There are plenty of string types out there coated in various difficult-to-pronounce materials. But are they actually any good? Guitar Planet went to investigate.

Thursday, 7. June 2012  -  by  Russ Thorne

Modern string coatings sound more like items Spiderman would pack in his work bag. Nanoweb. Polyweb. Fibreflex. They're all currently in use by different manufacturers, and strings wrapped in them all cost a little more than standard sets, so the question is: are they worth that extra cost?

The Good

Regardless of neologistic sci-fi names, coatings are basically there to protect the strings. As one guitar tech we spoke to put it, they're like the waterproofing spray used to treat technical outdoor clothing – they keep your corrosive sweat, humidity, dust and other nasties away.

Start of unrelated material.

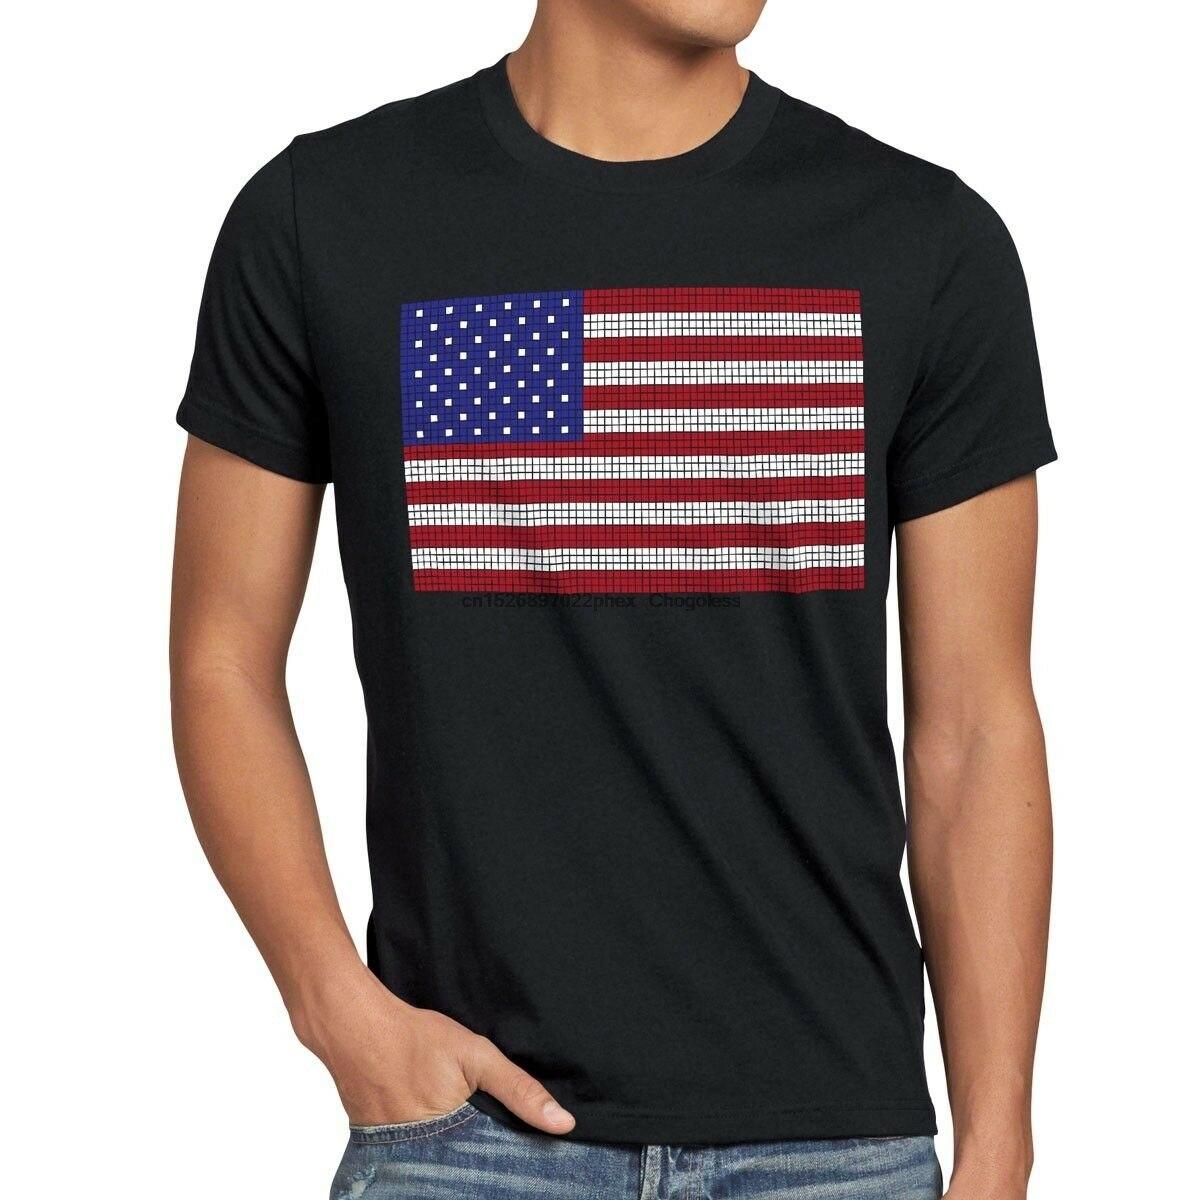 Eua bandeira 8-bit pixel camiseta masculino eua estrelas listras estados unidos csi

The upside of all of this is that the strings last longer, because it takes longer for them to corrode and wear down. Thickness of coating (and therefore string life) varies: Elixir's polyweb coating is more sturdy than its nanoweb counterpart, for example, while Fender's dura-tone and Tanglewood's infinity sets have lighter coatings designed to bring some flexibility back to the strings while still offering a little protection.

The Bad

The flipside? Well, they might not sound as good. They'll last longer, sure, but it will be at the expense of some of the tone. How much you notice this will depend on how you like your setup, but you can expect your guitar to lose some of its treble cut and sound a little more mellow. Of course, that might be exactly what you need if it tends to be brash...

You'll also feel the difference. The coating creates a distinctive squidginess when you're fretting notes that might not appeal to everyone. So it's down to the individual: coated strings might be a blessing for the hard-gigging musician who wants fewer string changes over the length of a tour, for example; or for those with slightly more acidic sweat who wear through strings like they're paper.

The Crazy

But hey, let's not get too serious. Music's meant to be fun, and in that spirit coatings can also be used to dress your instrument up. Take DR strings' Neon option, which gives your threads a lovely green glow. You don't have to be a nu-rave Klaxons-aping goon to appreciate the fun factor there – again, the sound may not be as good as with other strings but the crowd will go nuts for your acoustic glow-in-the-dark version of 'Thriller' down at the open mic night. Trust us. Restring and light 'em up!